Abstract
It was decided to use a fluorometric method in making quantitative estimations of riboflavin from fresh liver tissue after several checks had been run against the Snell and Strong method.∗ The fluorometric method here used is first to determine the total fluorescence, then eliminate the riboflavin by raising the alkalinity to pH 11 and determining the “interfering” fluorescence. The difference between these two values gives the approximate riboflavin value. The fluorescence was measured with a photocell using suitable optical filters.
Liver tumors from Osborn-Mendel rats which had been fed 2-amino 5-azo toluene for a long period were used. These animals were kindly put at our disposal by Dr. E. Emmart. Samples of liver which had been perfused with saline were ground with n/10 HC1, autoclaved for 15 min. and clarified by precipitation at pH 5-6, followed by filtering through No. 42 paper. Recovery of added riboflavin was about 97% by this fluorometric method.
Some of the material was given a short low temperature drying by the lyophile process eliminating most of the water. The data in the tables indicate that the difference between normal and tumor liver is not due to water content.

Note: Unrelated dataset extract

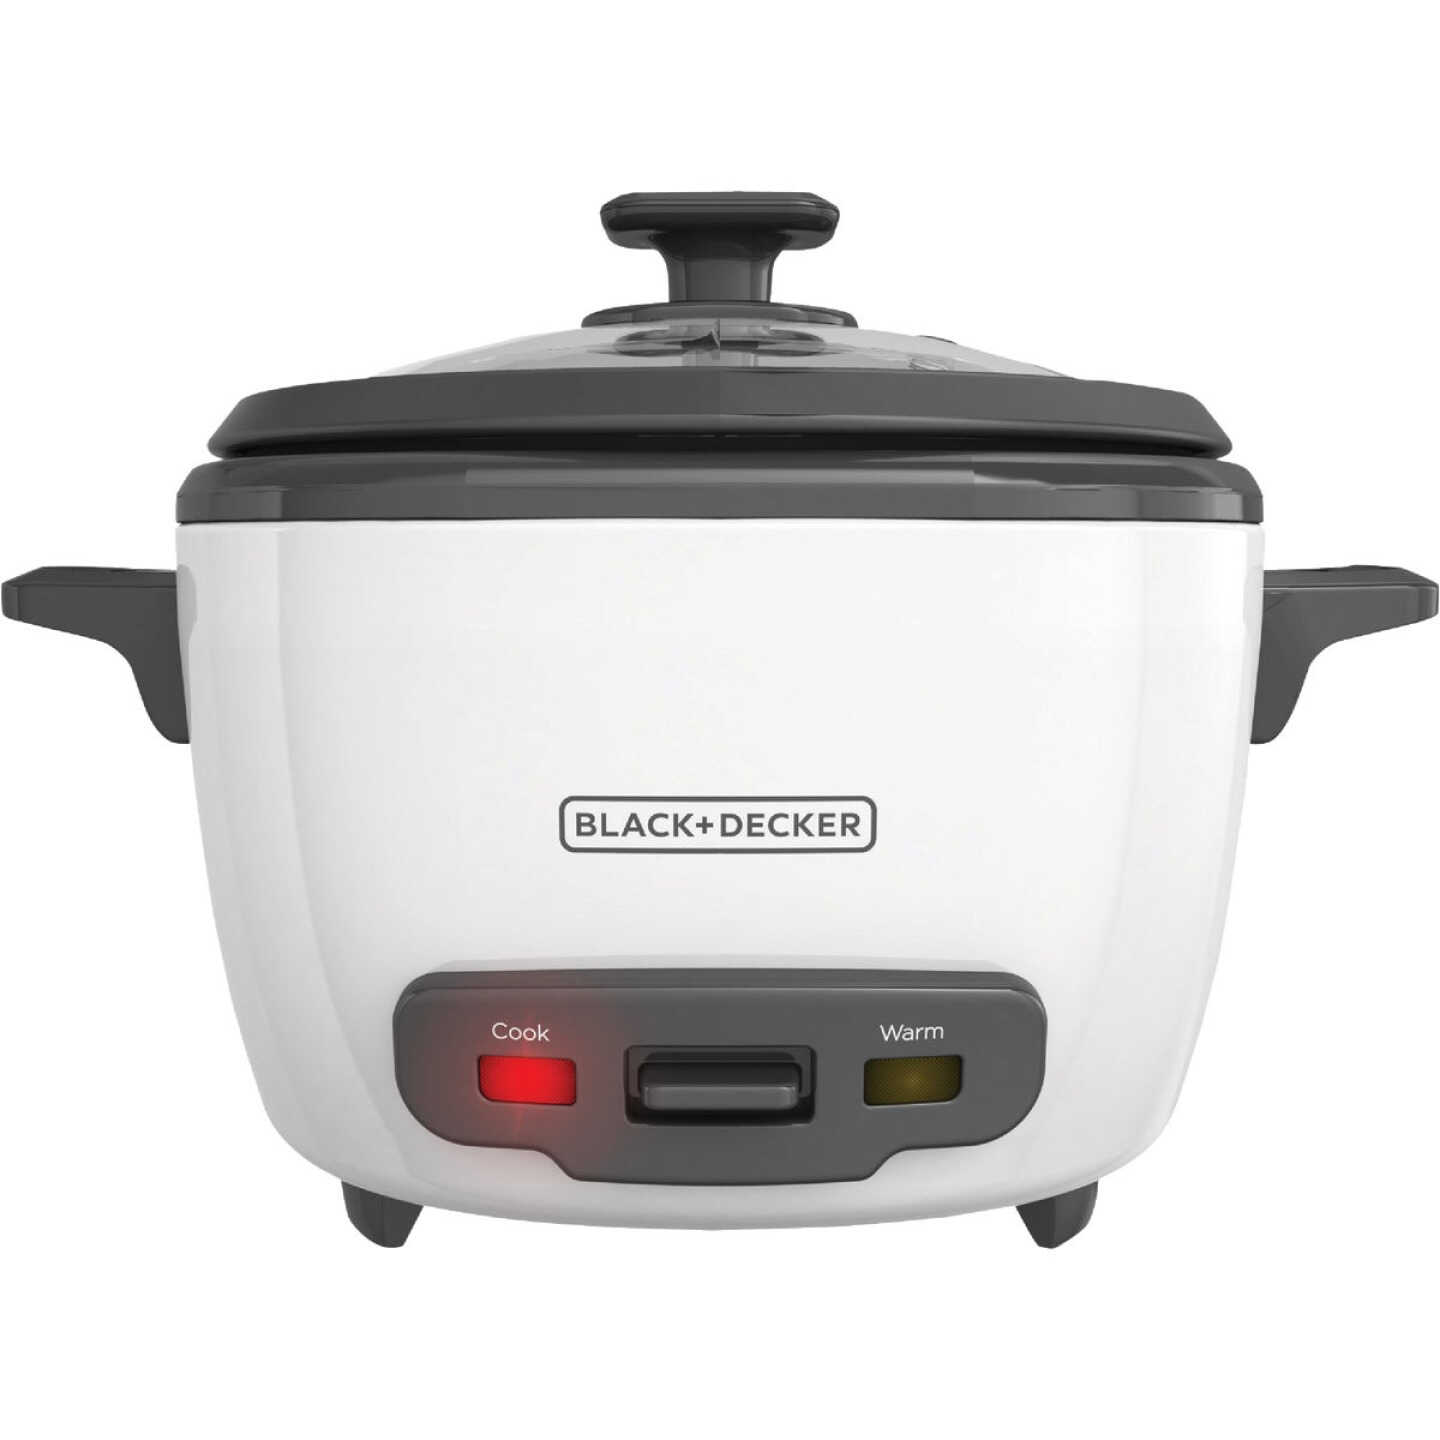 Rise By Dash 2-Cup Mini Rice Cooker - People's Lumber & Hardware

Comparisons were made between normal livers from normal rats, nontumor bearing liver from dye-fed rats, liver tumors from dye-fed rats, residual liver from which the tumor had been excised, fetal liver, and leg muscle. In the case of a general riboflavin deficiency it would be expected that lower riboflavin values for the muscle would be obtained. A value of 1.4 γ is reported 1 for adult rat muscle on a deficient diet.
In the absence of any other criteria the estimation of “malignancy” was based solely on histologic grounds. The term hepatoma was used to denote growths which reproduced the normal liver structure so closely that there was no histologic indication of “malignancy”.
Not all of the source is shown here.